Yeah. It happened again, right. A whole week
of
just no tests pass. The build never passes.
So
we turn of parallel_tests, right. Because
we can't even
get like a coherent log of which tests are
causing errors, and then we started commenting
out the
really problematic tests, and there were still
these like
seemingly innocuous specs that failed regularly
but not consistently.
So these are tests that have enough business
value
that we are very reluctant to just, like,
delete
them.
And so we reinstated Cucumber-Rerun, and its
buddy Rspec-Rerun.
And this mostly worked, right. So we were
making
progress. But the build issues continued to
show up
in the negative column in our retrospectives.
And that
was because there were several problems with
this situation,
right. Like, reduced trust. When build failures
happen four
or five times a day, those aren't a red
flag. Those are just how things go. And everyone
on the team knows that the most likely explanation
is a random failure.
And the default response to a build failure
becomes,
run it again. So, just run it again, right.

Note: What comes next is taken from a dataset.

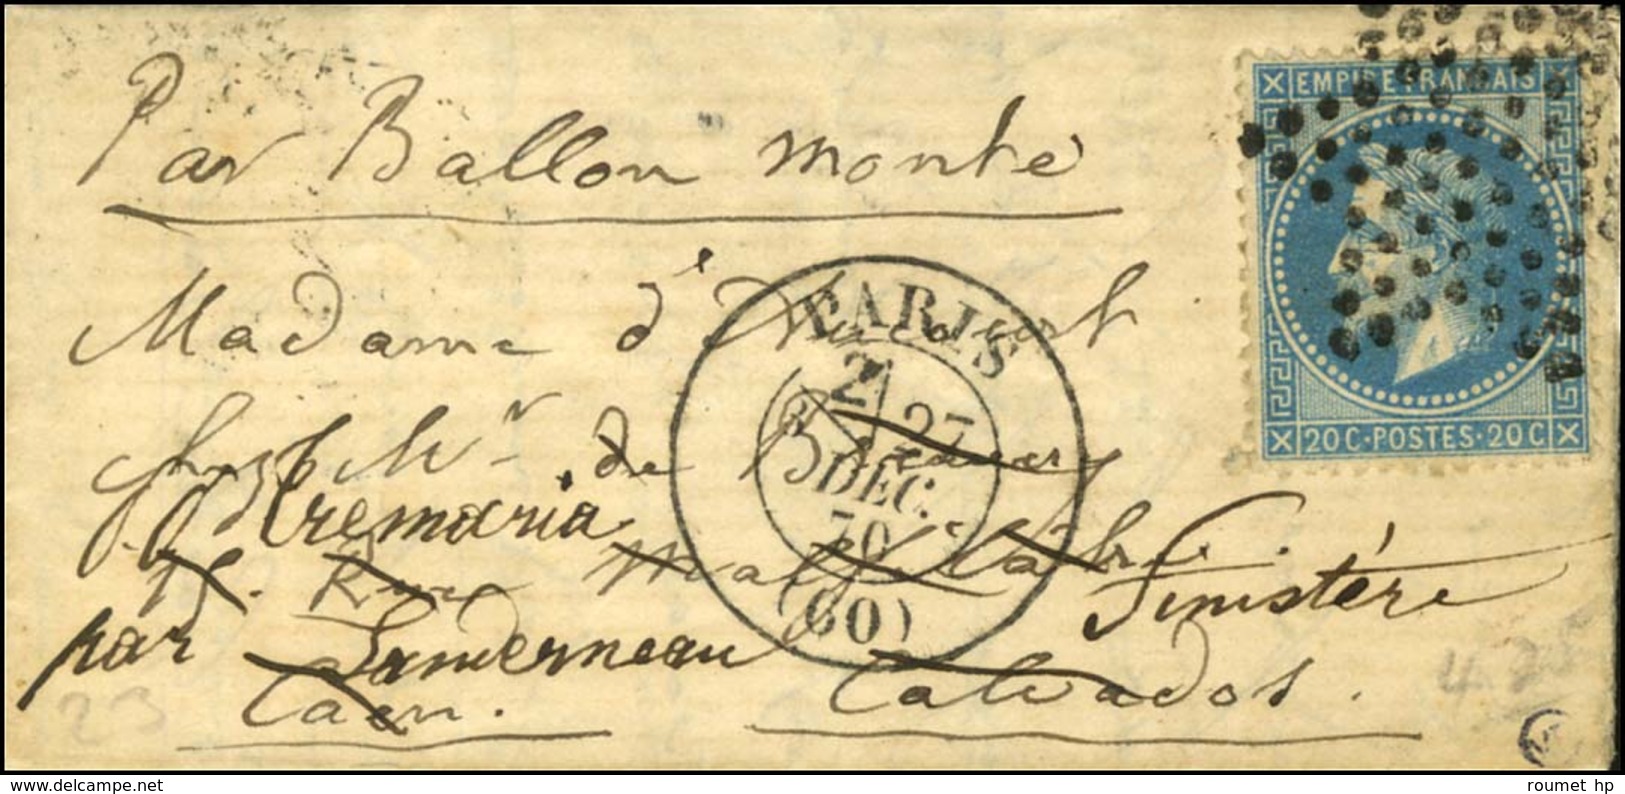 Etoile / N° 29 Càd PARIS (60) 27 DEC. 70 Sur Lettre Pour Caen Réexpédiée à Landerneau, Au Verso Càd D'arrivée 31 DEC. 70 - War 1870

The build failed. Whatever. So then, occasionally,
we break
things for real. But we stopped noticing because
we
started expecting CI to be broken. Sometimes
other pairs
would pull the code and they would see the
legitimate failures. Sometimes we thought
we were having a
Bad Jenkins week, and on the third or fourth
day we realized we were having actual failures.
This is pretty bad, right.
So our system depends on green builds to mark
the code that can be deployed to staging and
production, and without green builds, stories
can't get delivered
and reviewed. So we stopped getting timely
feedback. Meanwhile,
the reviewer gets, like, a week's worth of
stories.
All at once. Big clump.
And that means they have less time to pay
attention to detail on each delivered feature.
And that
means that the product is a little bit crappier
every week. So, maybe you need a bug fix.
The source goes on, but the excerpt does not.